Lodi News-Sentinel

Portland mayor calls for calm after death of a right-wing activist

- By Richard Read

PORTLAND, Ore. — For months, right-wing extremists had largely stayed away from the Black Lives Matter protests in downtown Portland.

That started to change Aug. 15 with a “Stand Up to Domestic Terrorism” rally, where activists waved American flags and a 27year-old man, who was later arrested, allegedly fired gunshots from his vehicle.

The next weekend in front of the federal courthouse, men in tactical military gear, some carrying assault rifles, clashed with Black Lives Matter protesters carrying shields.

Now the conflict has turned deadly.

The Saturday night shooting death of a man who belonged to a local far-right group has raised the stakes in an escalating political battle that pits city officials against a president who seems intent on fanning the flames of unrest for his political advantage.

The killing in Portland closely follows deadly violence in Kenosha, Wisconsin, last week. Kyle Rittenhous­e, a 17-year-old from Antioch, Ill., who said he had come to defend businesses from protesters, was charged with fatally shooting two men and wounding another.

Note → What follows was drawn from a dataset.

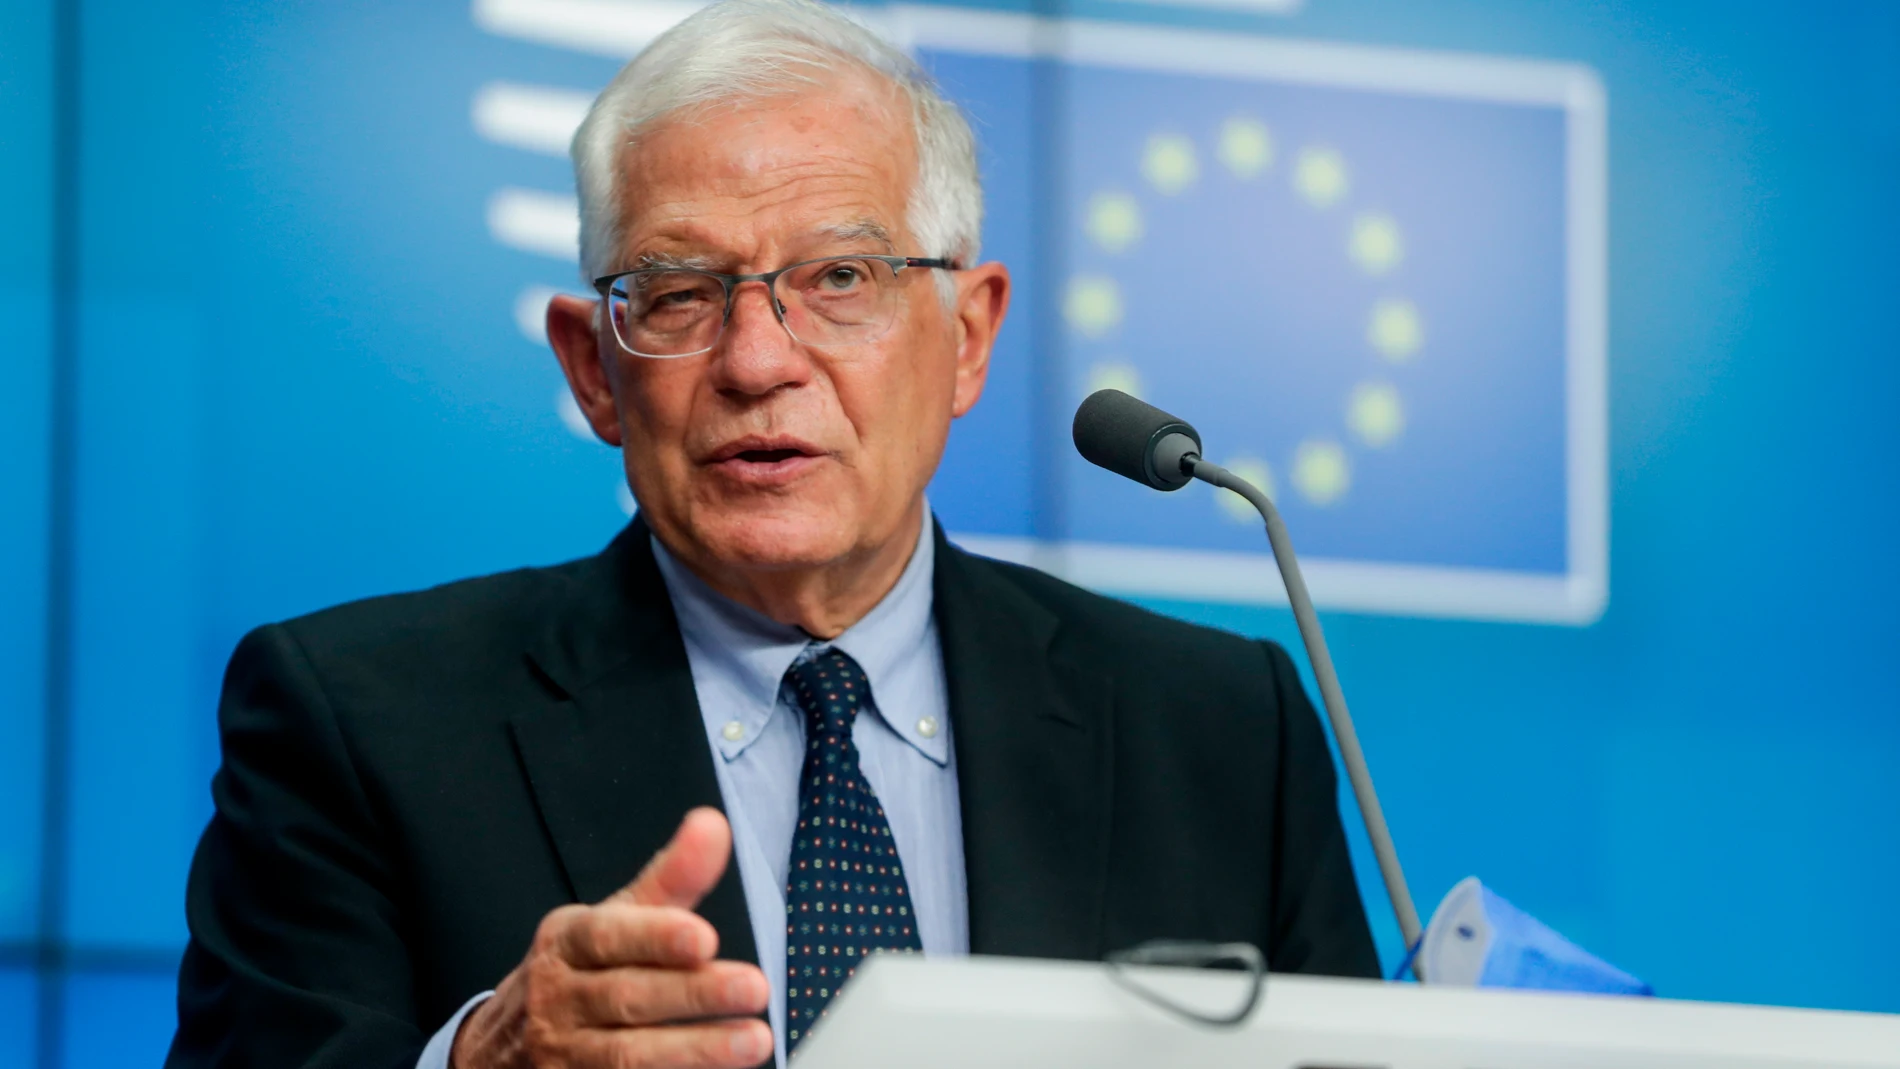 El jefe de política exterior de la UE, Josep Borrell, durante una rueda de prensa en Bruselas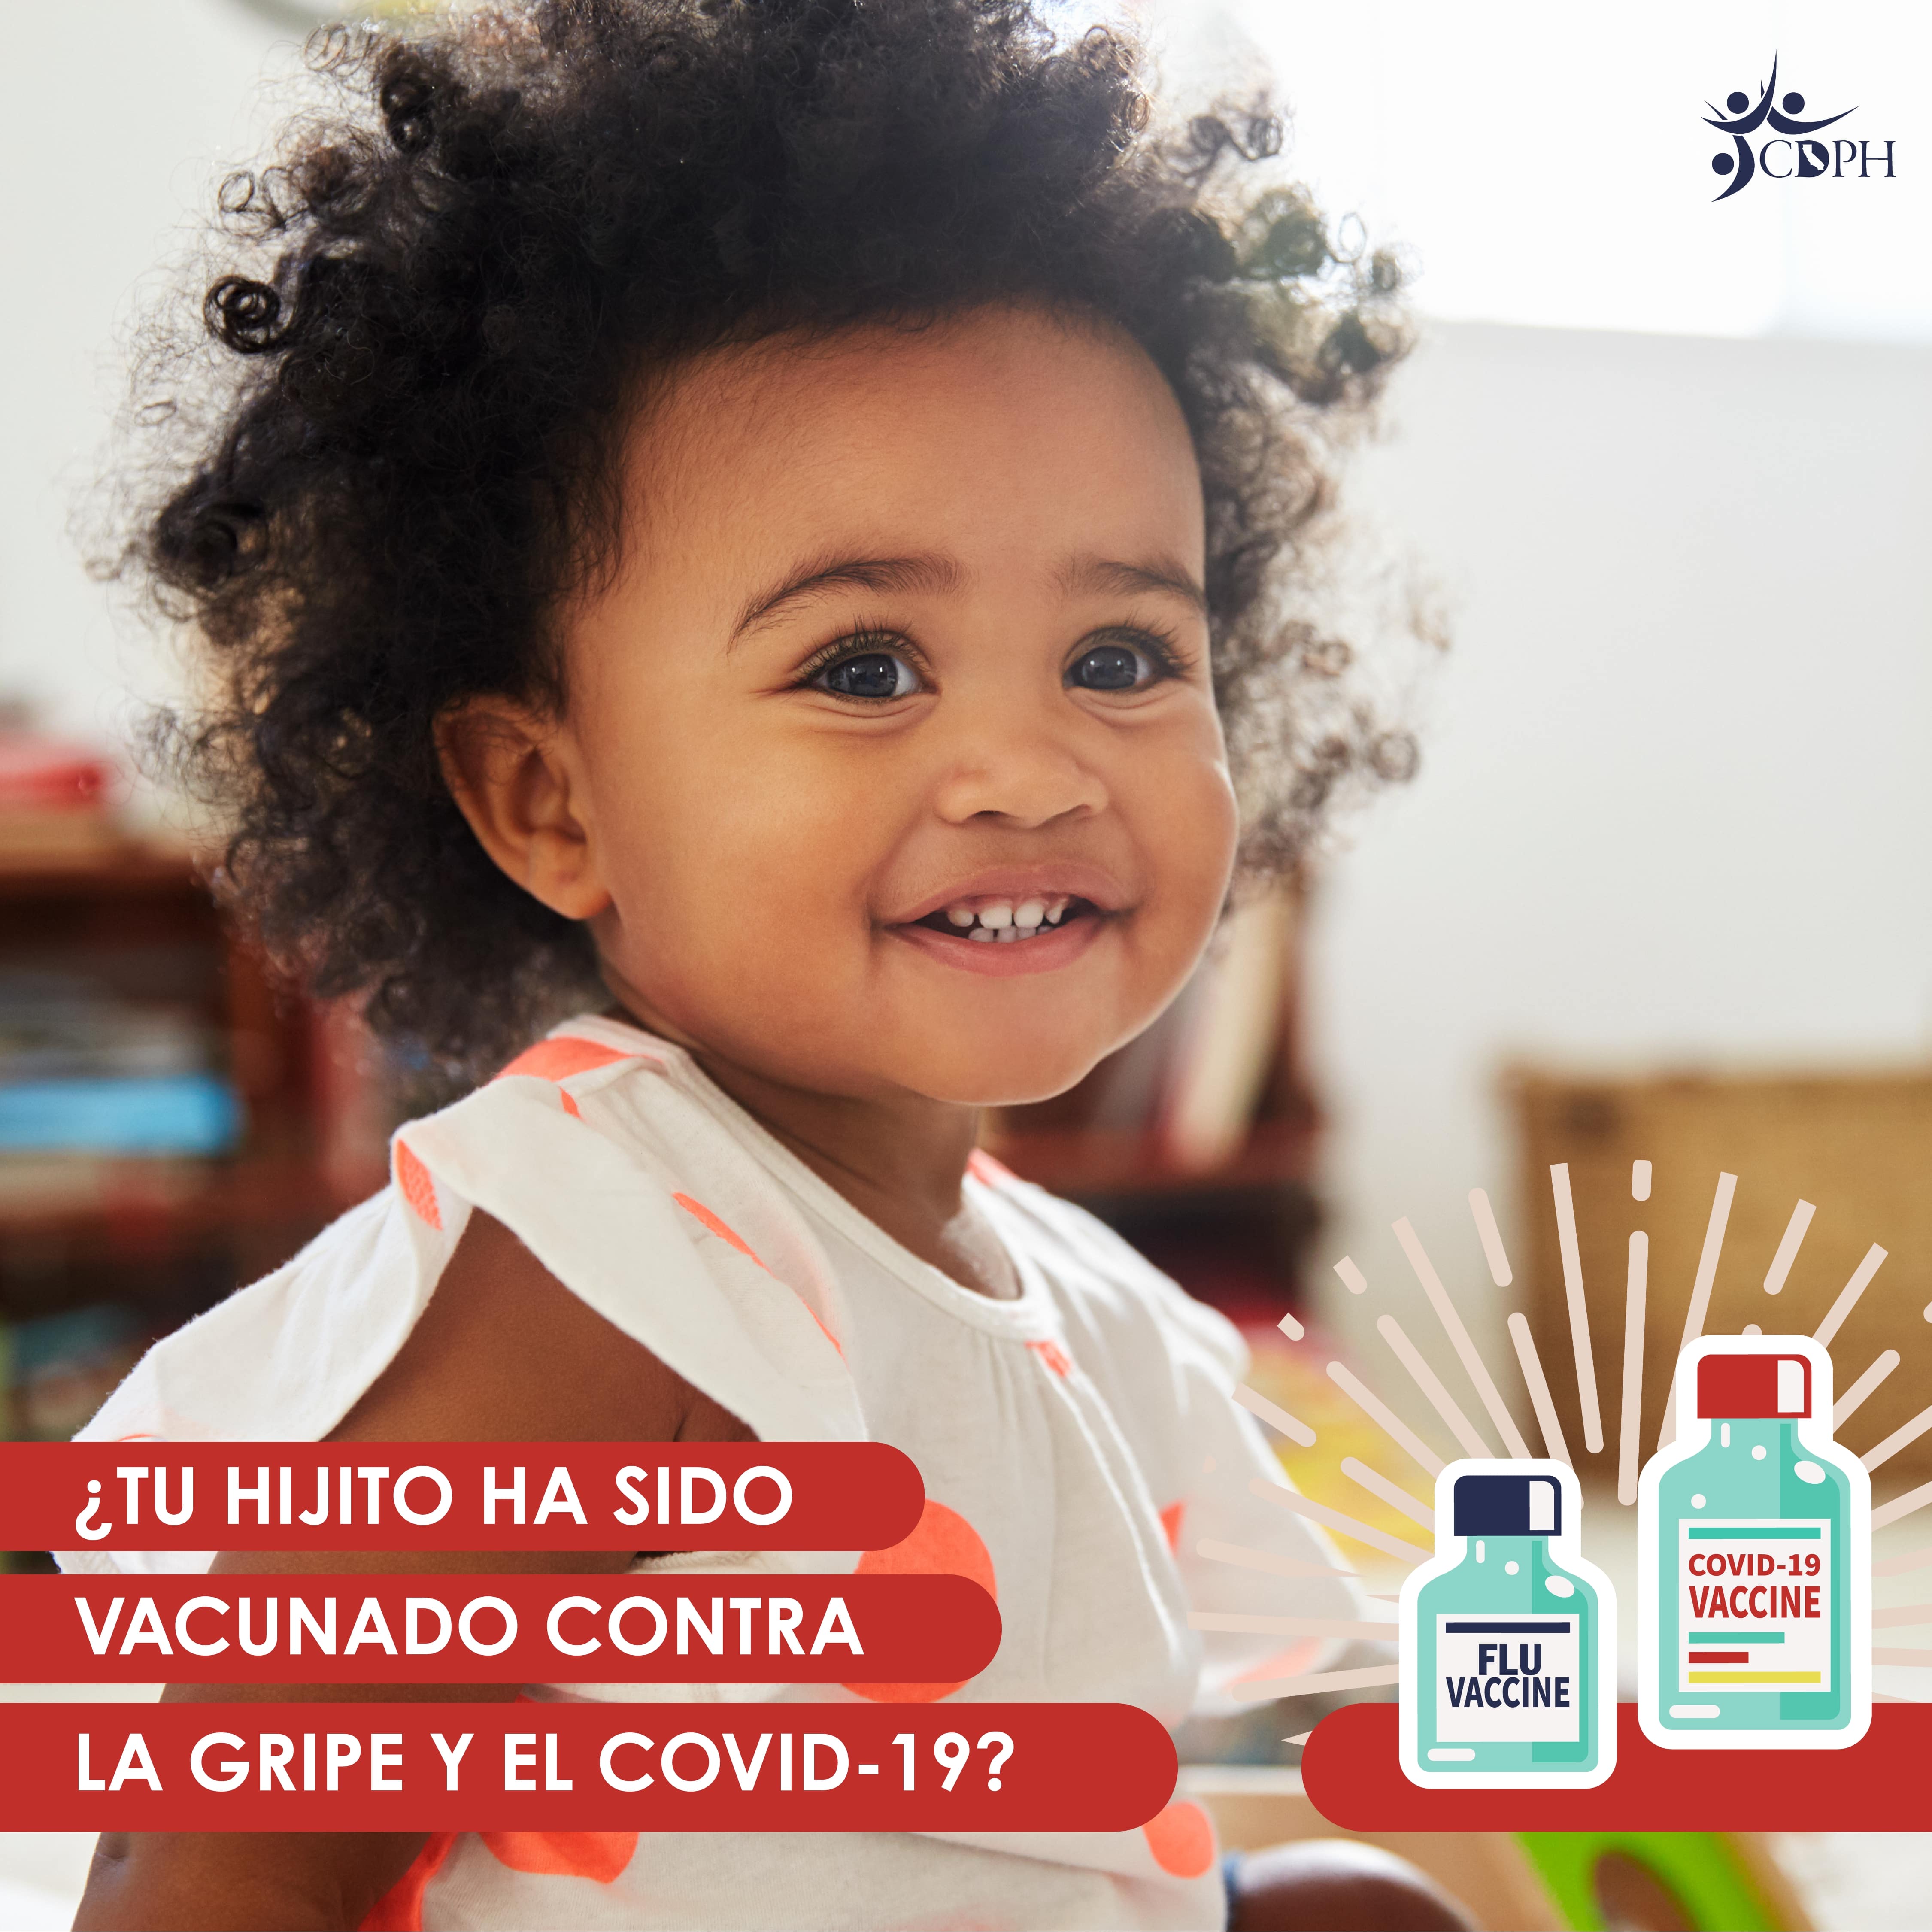 ¿Tu hijito ha sido vacunado contra la gripe y el COVID-19?

There, as in Portland, the deadly violence occurred after armed right-wing activists descended on Black Lives Matter protests in the name of Trump, who in a combative law-and-order campaign strategy, advocates crackdowns on cities run by Democrats.

On Sunday, Portland Mayor Ted Wheeler pleaded for calm, urging people not to return to downtown to seek retributio­n, as some were threatenin­g on social media.

Speaking at a news conference in City Council chambers, he declined to release details about the shooting, saying a homicide investigat­ion was underway.

The police chief, Chuck Lovell, said detectives hadn’t establishe­d whether it was politicall­y motivated or perhaps “a skirmish between two small groups” or a “problem that erupted between individual­s.”

He said that on Thursday a 16year-old African American had also been shot to death, and three others injured, in circumstan­ces that were still being investigat­ed.

Wheeler directly addressed the president.

“President Trump, for four years we’ve had to live with you and your racist attacks on Black people,” he said. “Do you seriously wonder, Mr. President, why this is the first time in decades that America has seen this level of violence?

“It’s you who have created the hate and division.”

Evidently watching the briefing, Trump tweeted a real-time rebuke.

“Ted Wheeler, the wacky Radical Left Do Nothing Democrat Mayor of Portland, who has watched great death and destructio­n of his city during his tenure, thinks this lawless situation should go on forever. Wrong! Portland will never recover with a fool for a Mayor,” he wrote.

Joey Gibson, the founder of a group called Patriot Prayer, wrote on social media that the man who was killed was Aaron “Jay” Danielson, a supporter who went by the name Jay Bishop.

Founded in 2016, Patriot Prayer is based across the Columbia River in Vancouver, Wash., and describes itself as advocating free speech and opposing big government.